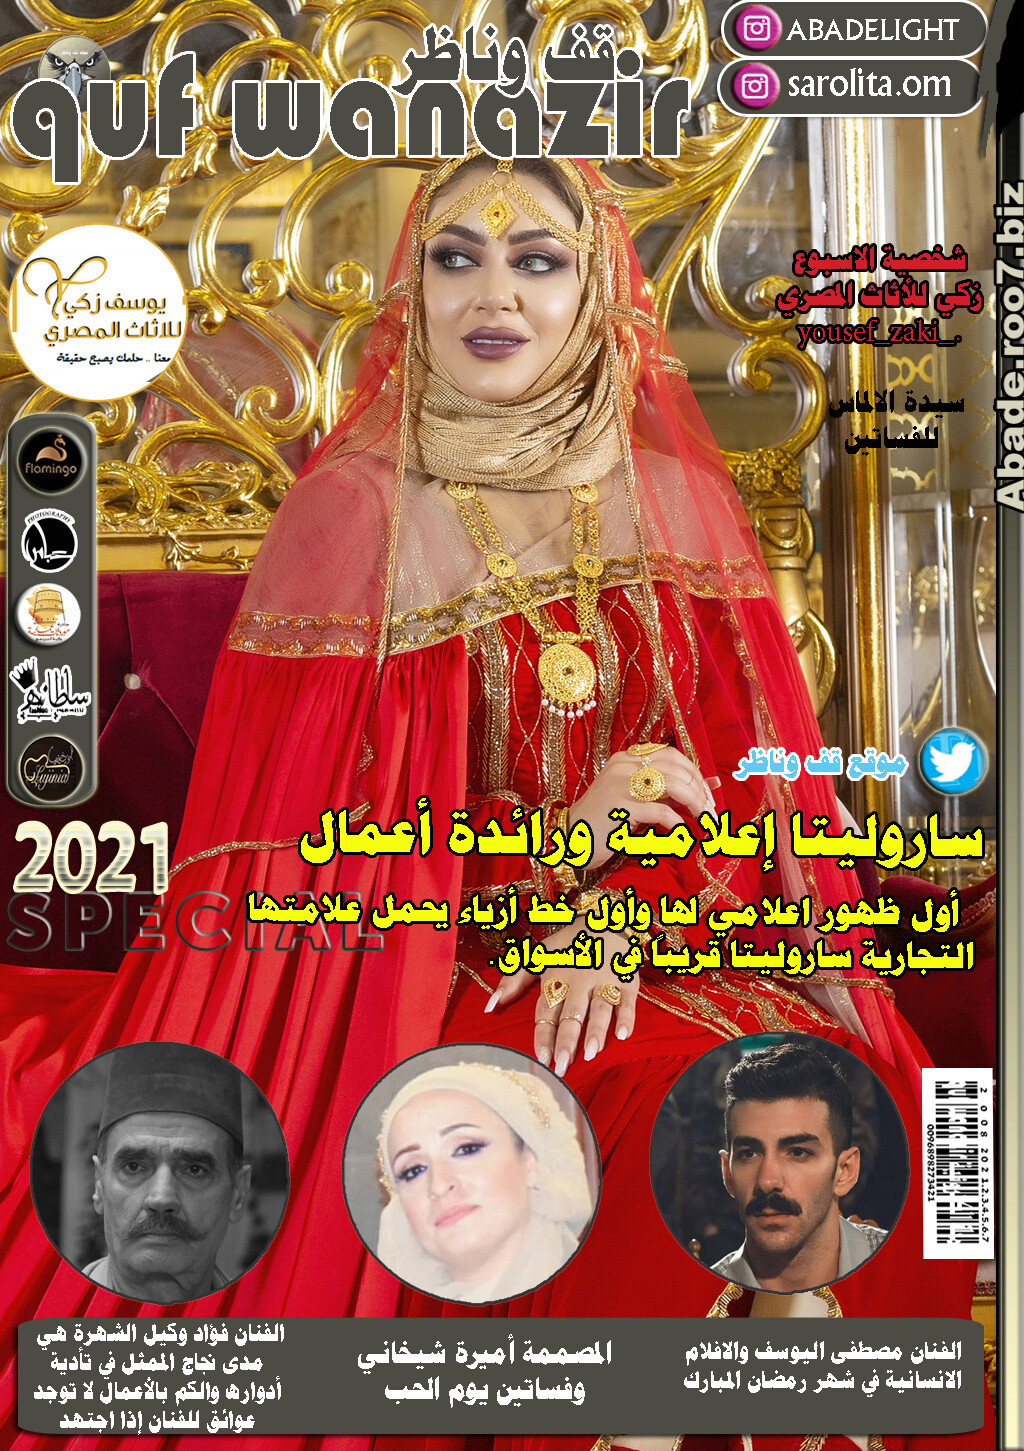 الامارات - مجلة قف وناظر 2021 نجمة الغلاف ساروليتا Aa043
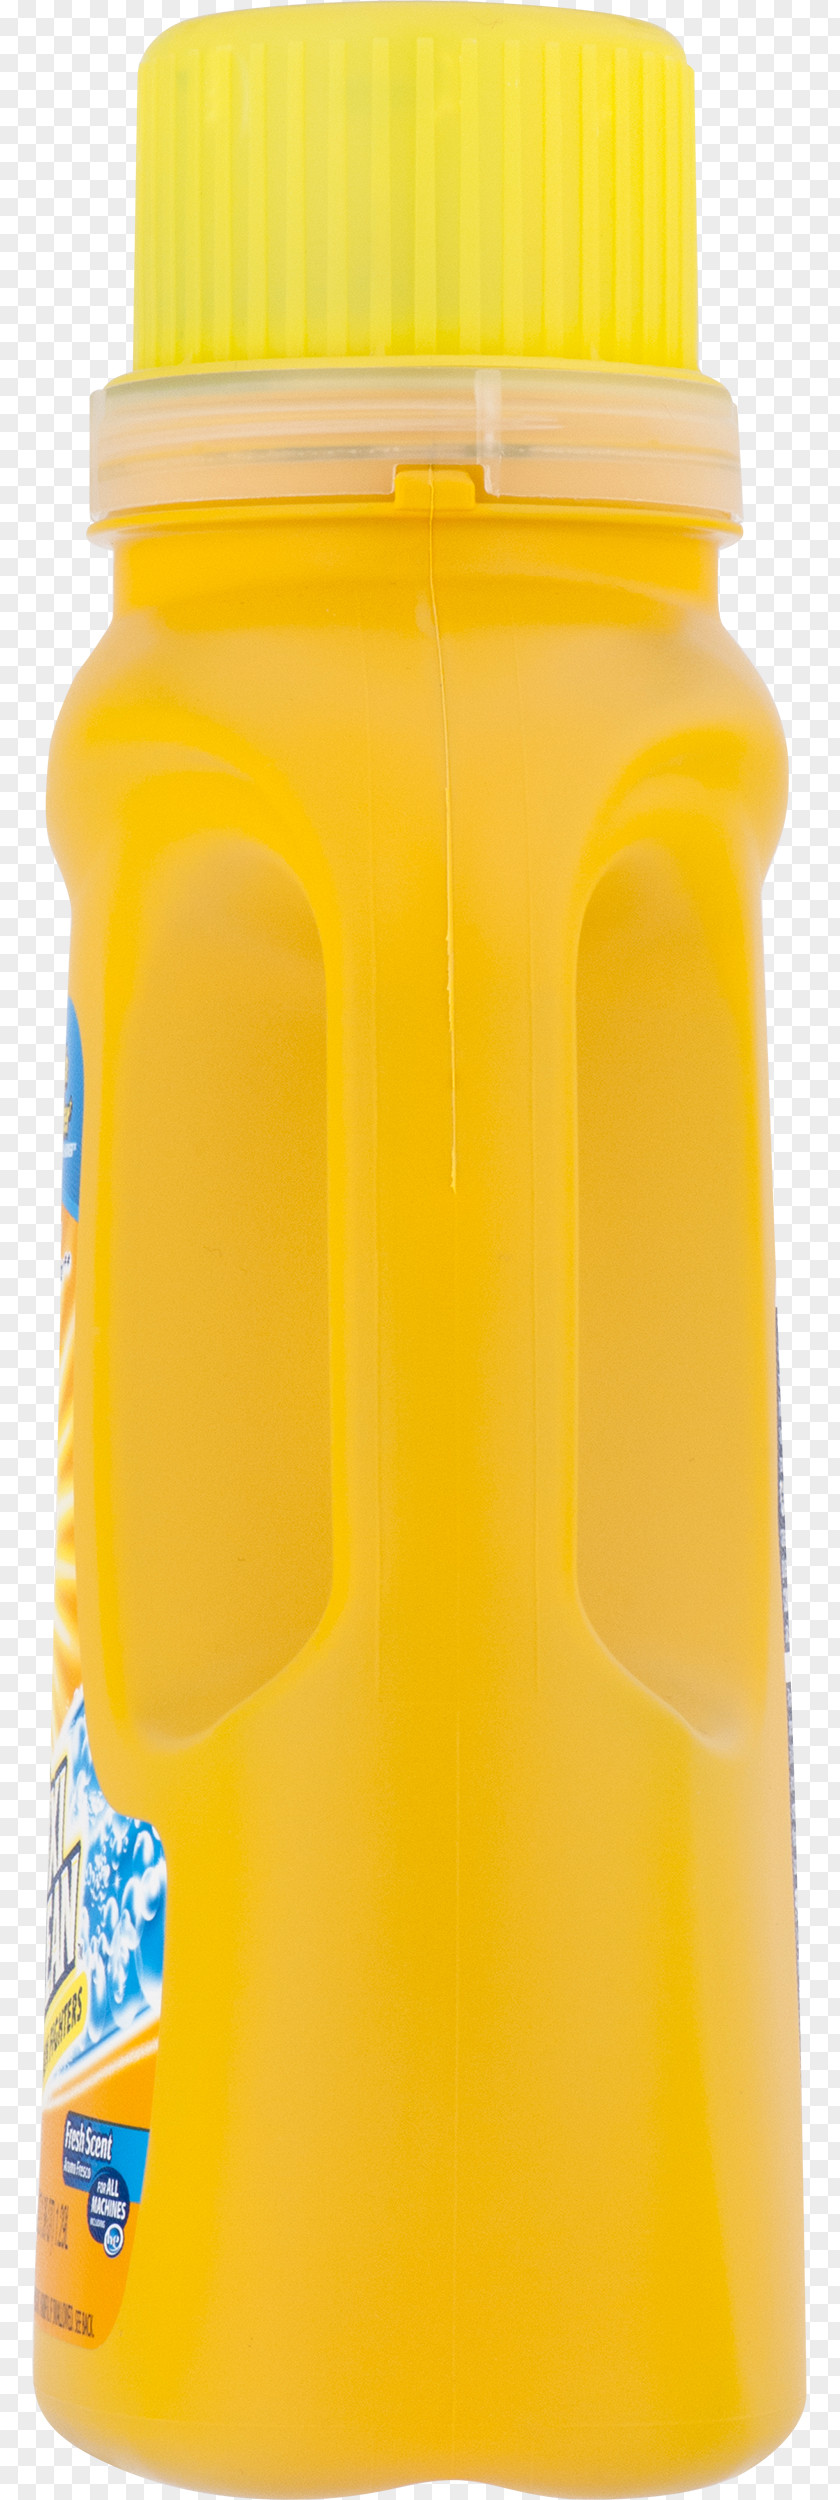 Bottle Orange Drink Soft Juice Water Bottles Plastic PNG
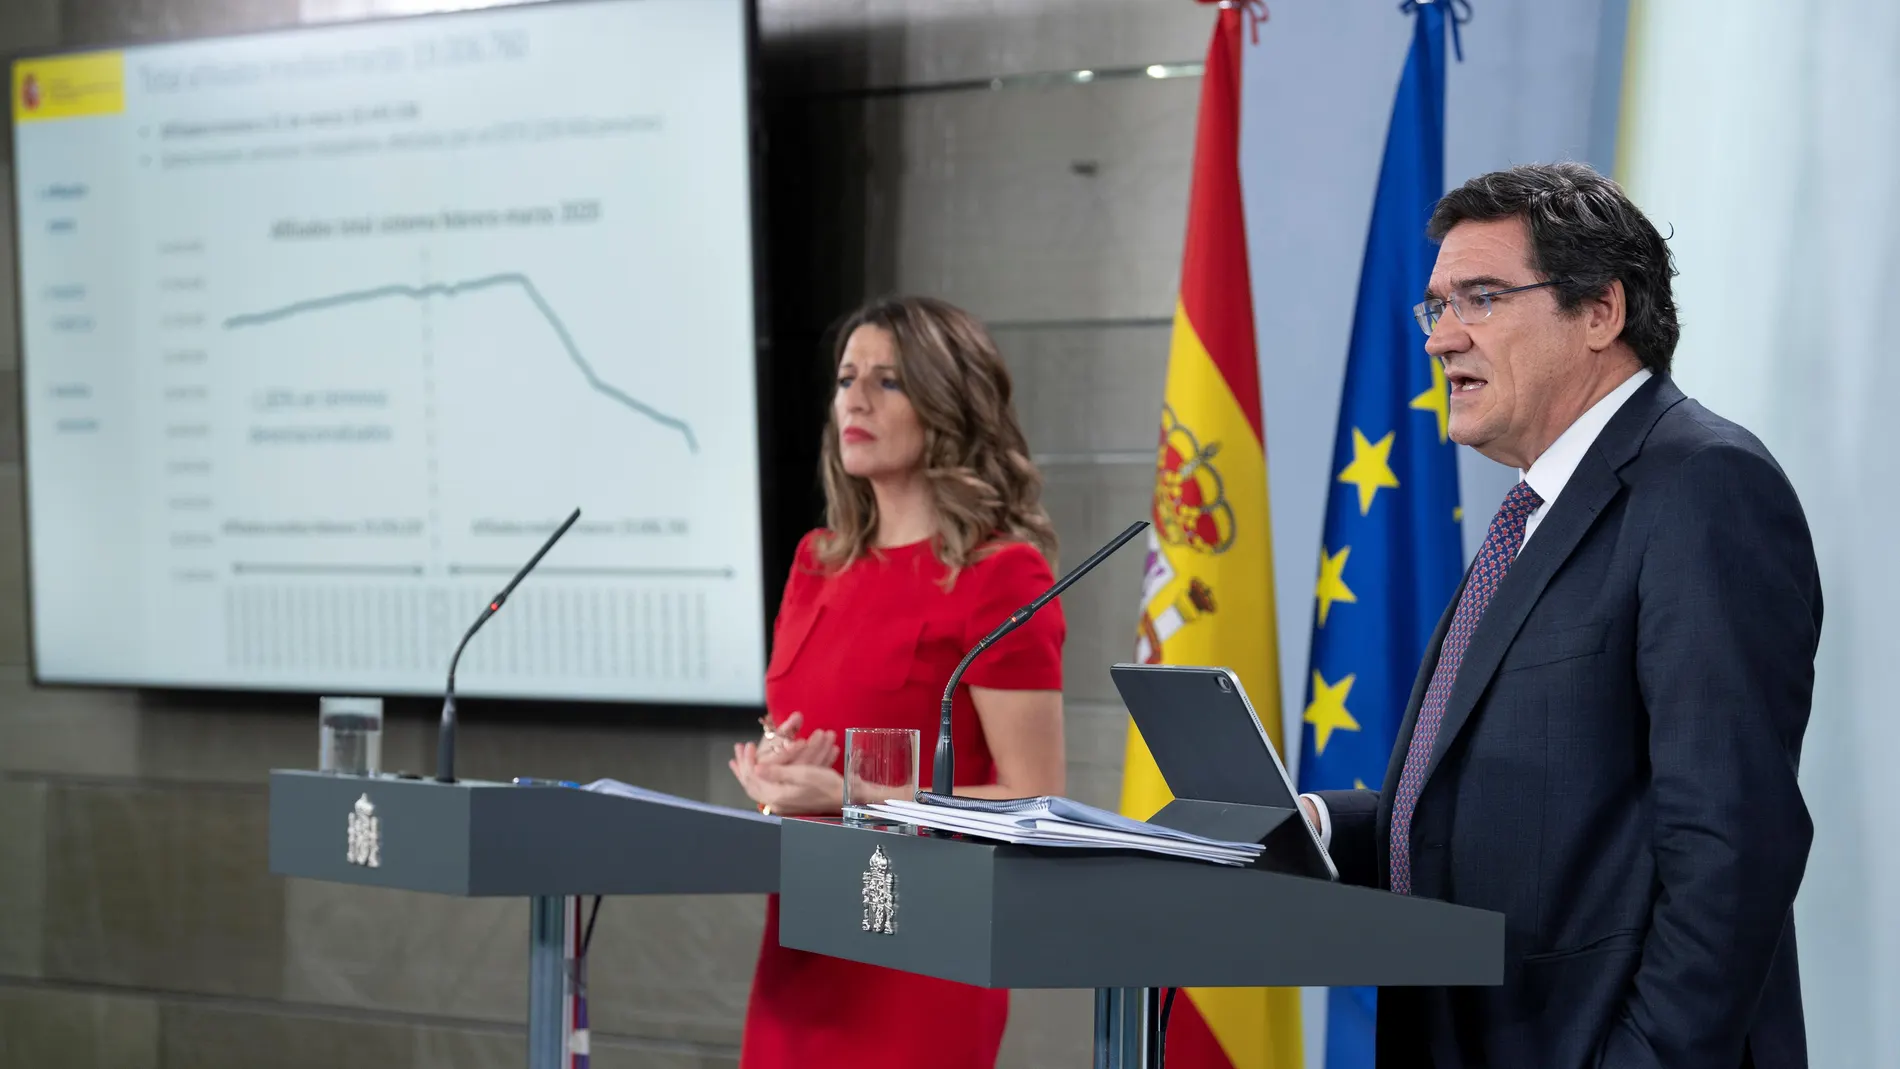 La ministra de Trabajo, Yolanda Díaz, y el ministro de Seguridad Social, José Luis Escrivá

What is being asked | Every line of the listing is to be retyped exactly; pictures stay out.

Your response |
 الامارات - مجلة قف وناظر 2021 نجمة الغلاف ساروليتا Aa043
 Bottle Orange Drink Soft Juice Water Bottles Plastic PNG
 La ministra de Trabajo, Yolanda Díaz, y el ministro de Seguridad Social, José Luis Escrivá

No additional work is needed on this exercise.